Work to be completed — For this exercise, copy the data exactly and omit any images.

Dataset section —
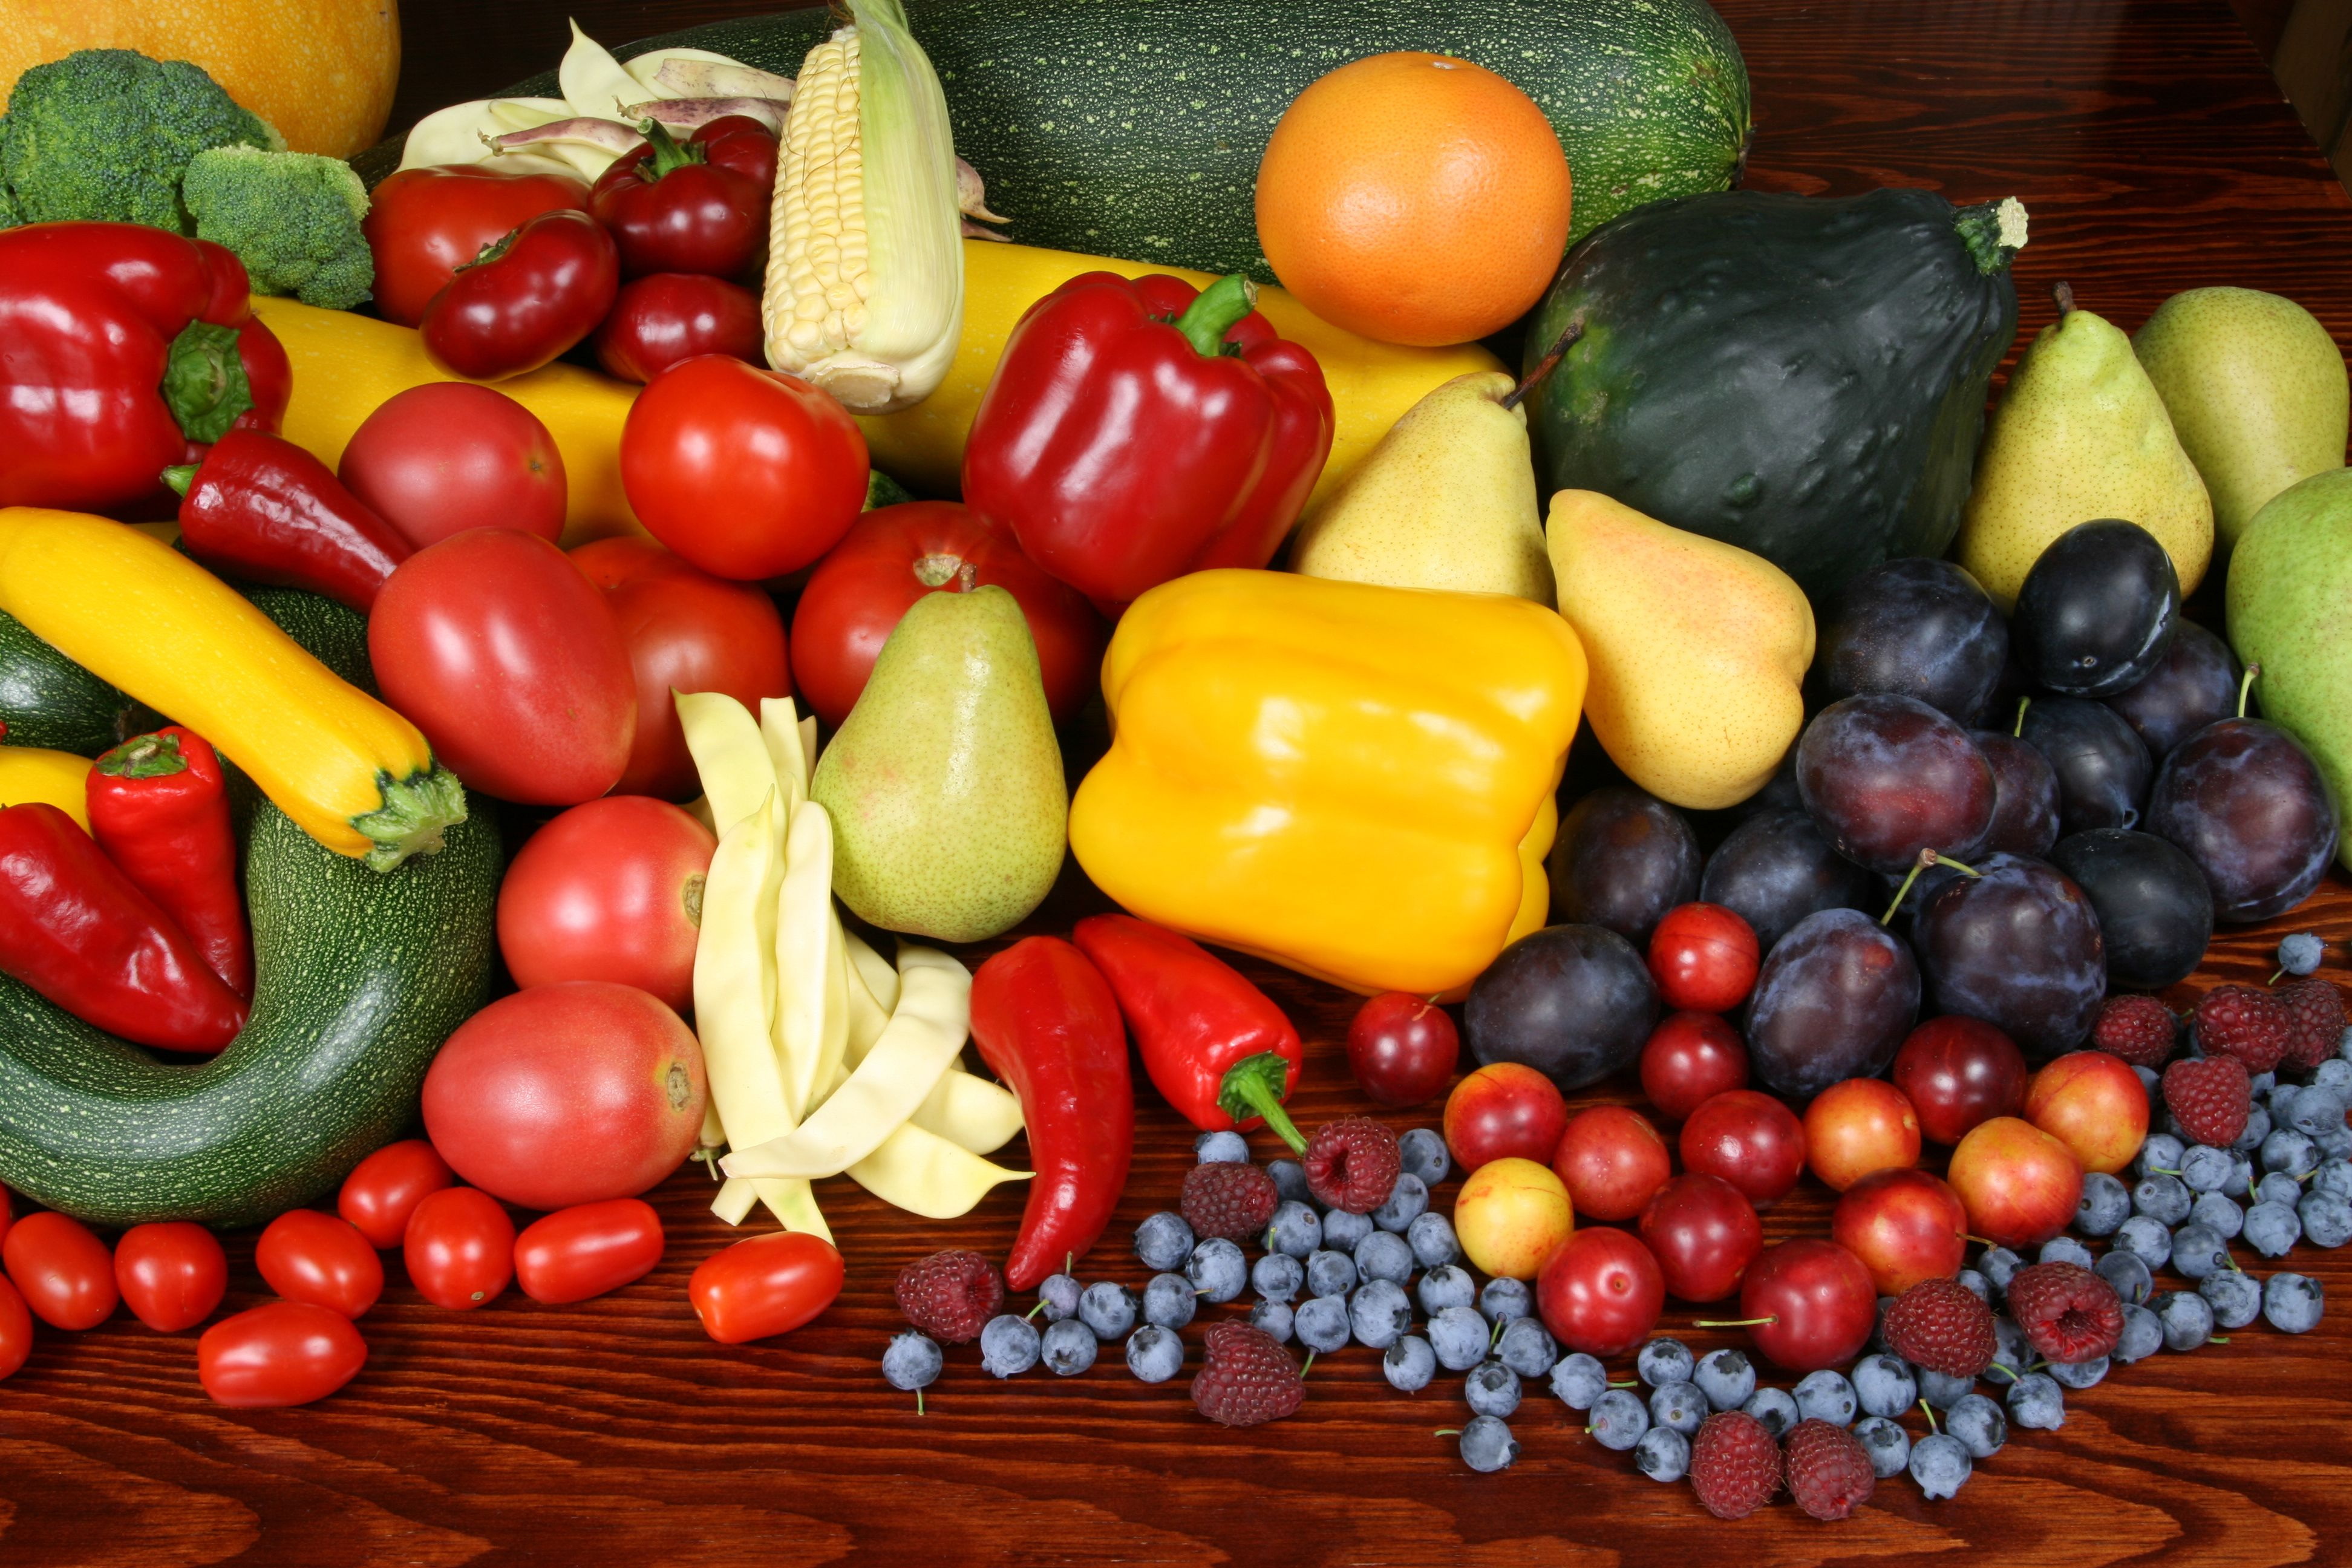 Секс с фруктами название 14 фотография
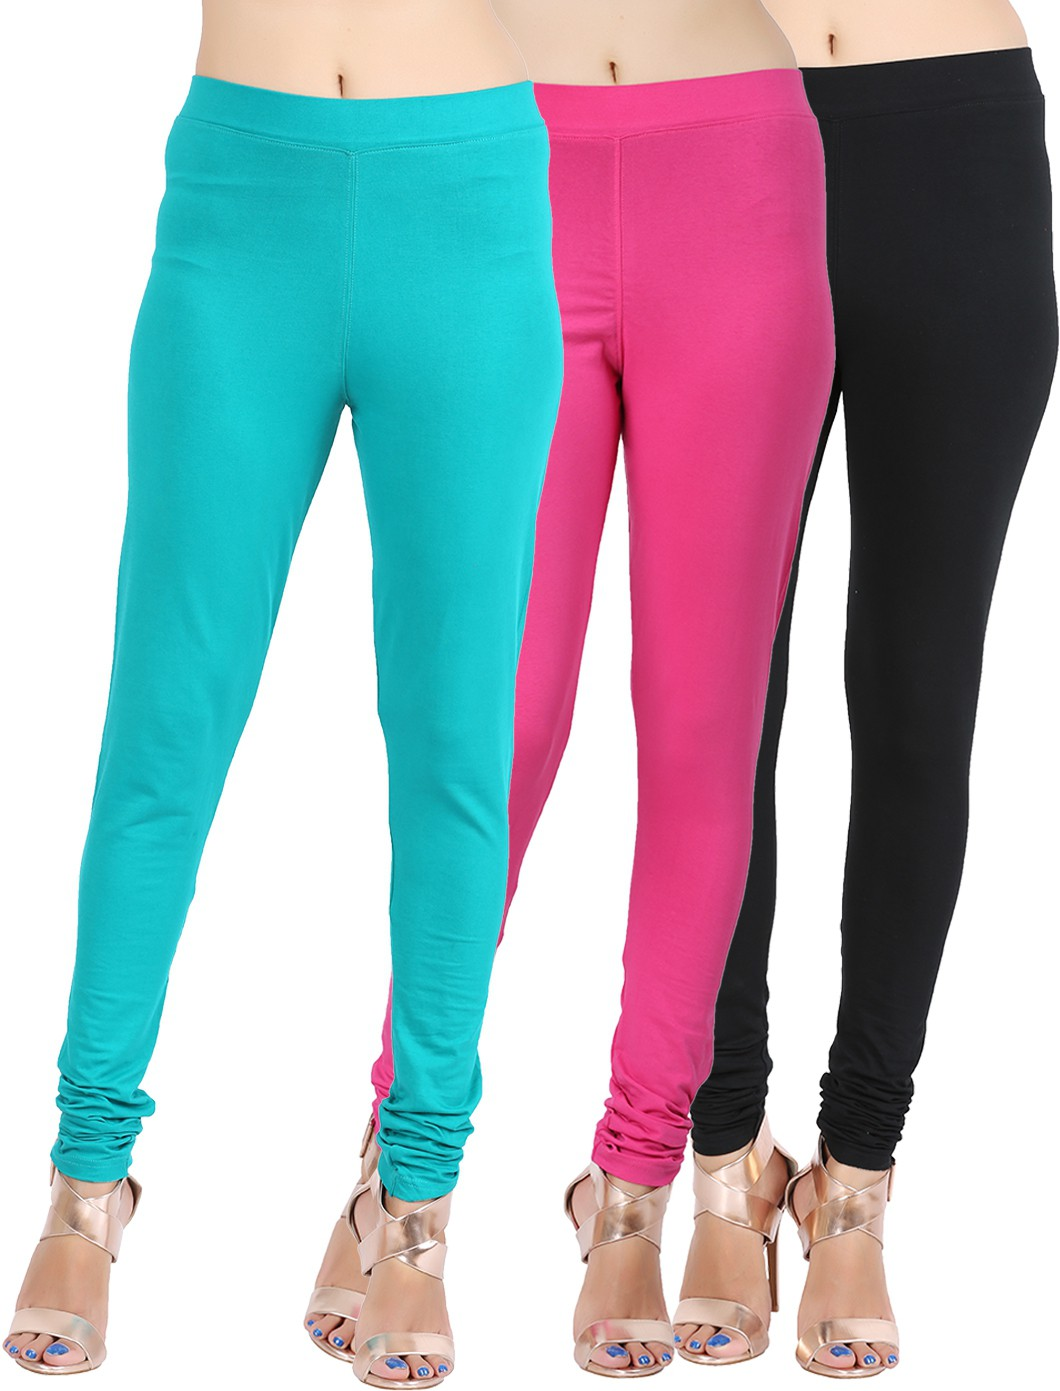 Lula Ms Womens Black, Pink, Dark Green Leggings(Pack of 3)
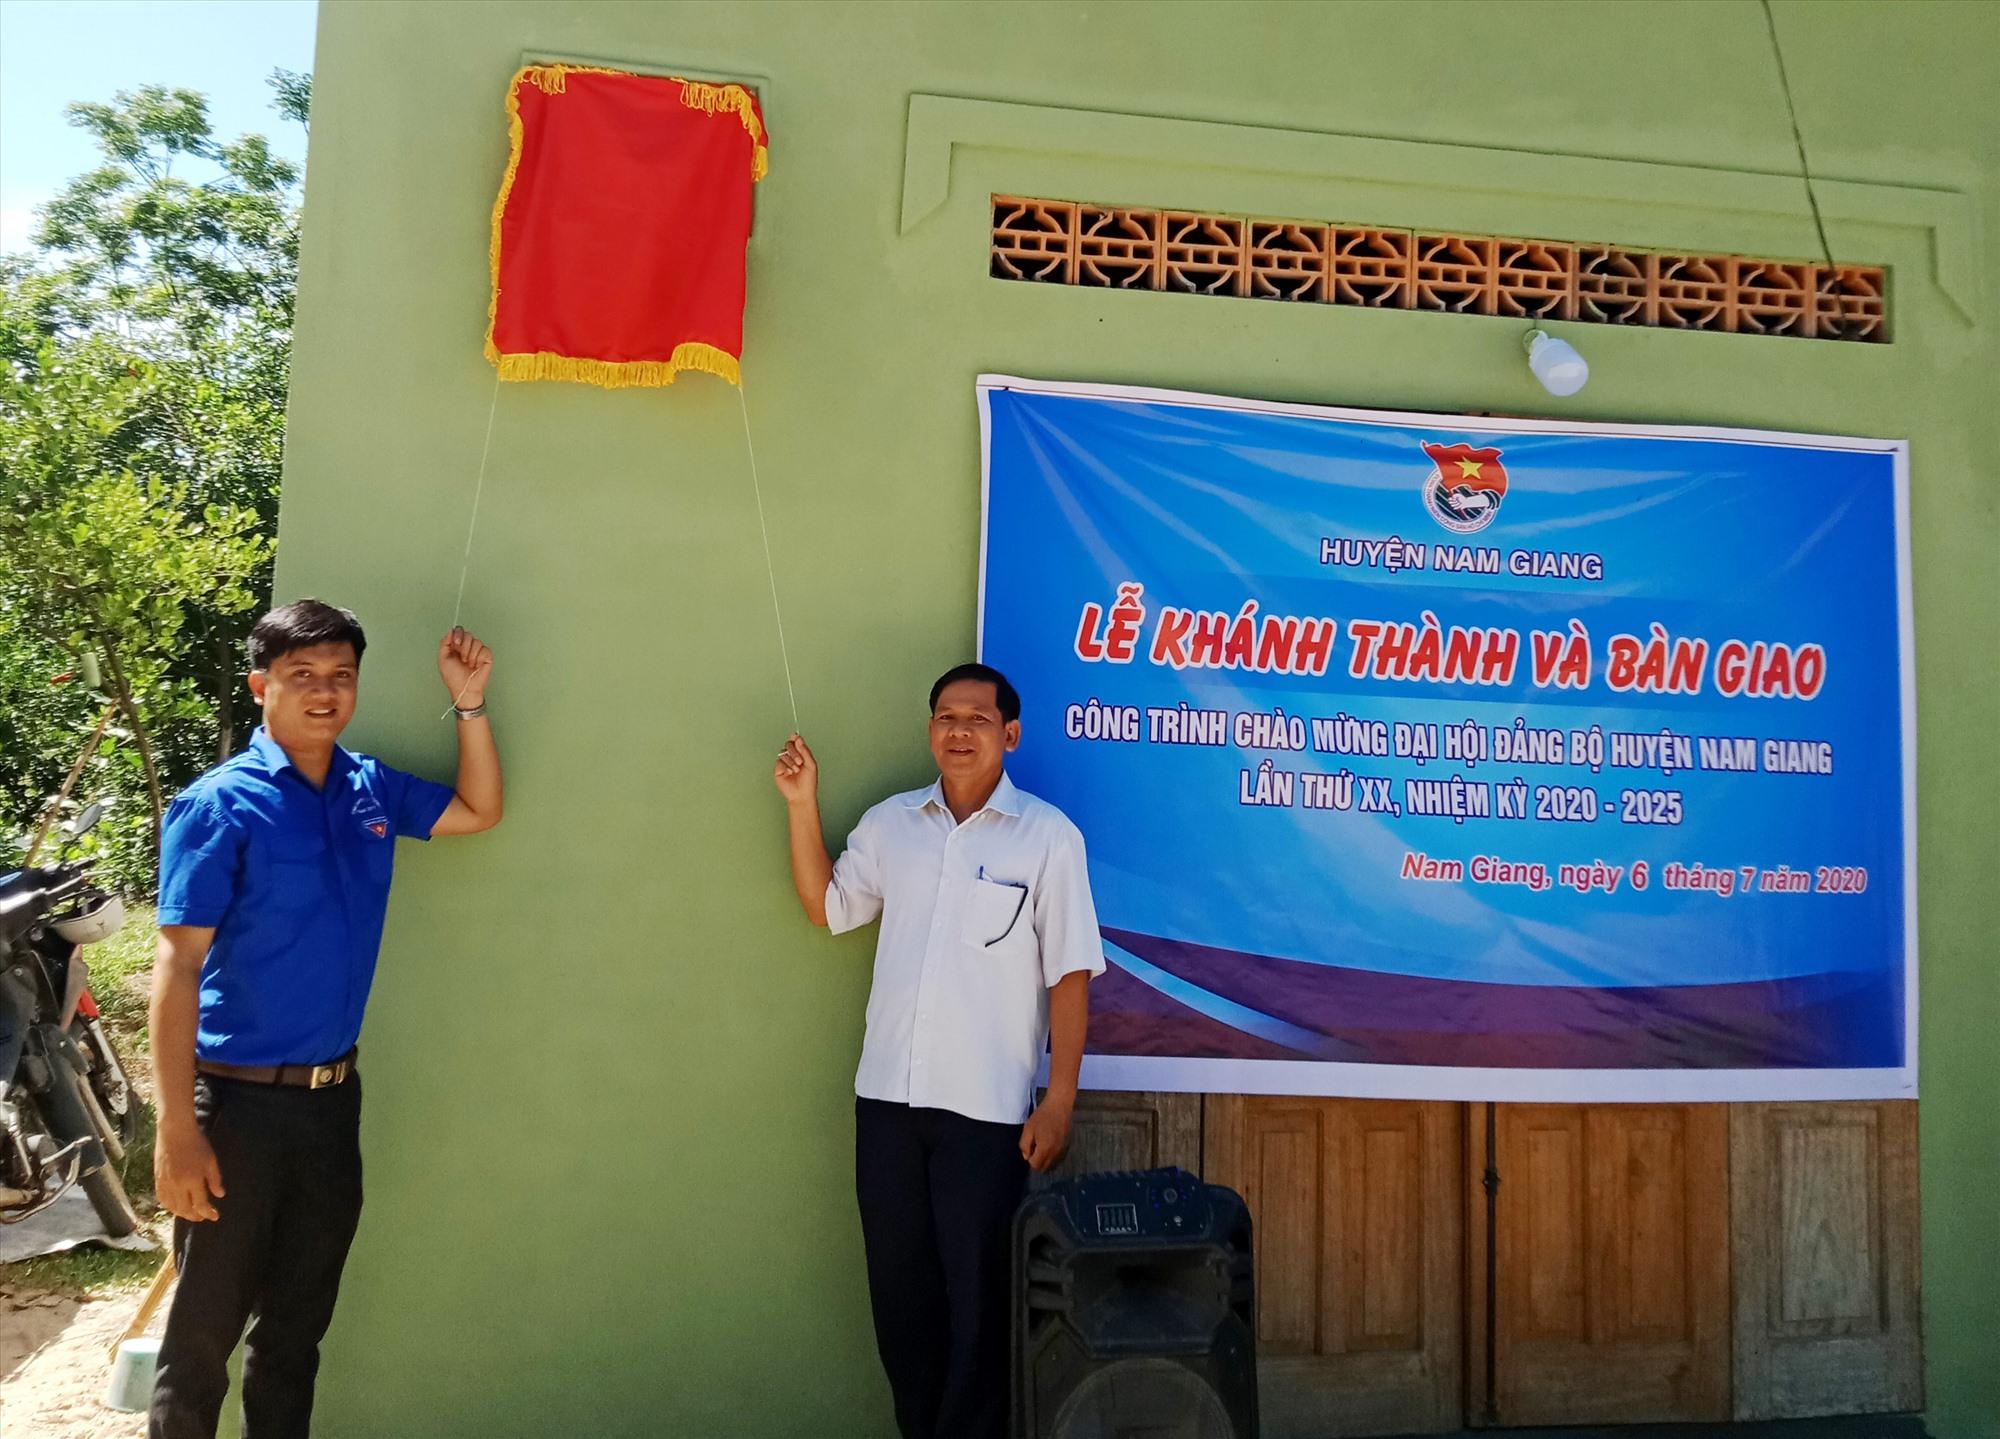 Đại diện lãnh đạo chính quyền và Huyện đoàn Nam Giang tháo băng khánh thành công trình nhà ở. Ảnh: Đ.N

Expected answer —
 Секс с фруктами название 14 фотография
 Lula Ms Womens Black, Pink, Dark Green Leggings(Pack of 3)
 Đại diện lãnh đạo chính quyền và Huyện đoàn Nam Giang tháo băng khánh thành công trình nhà ở. Ảnh: Đ.N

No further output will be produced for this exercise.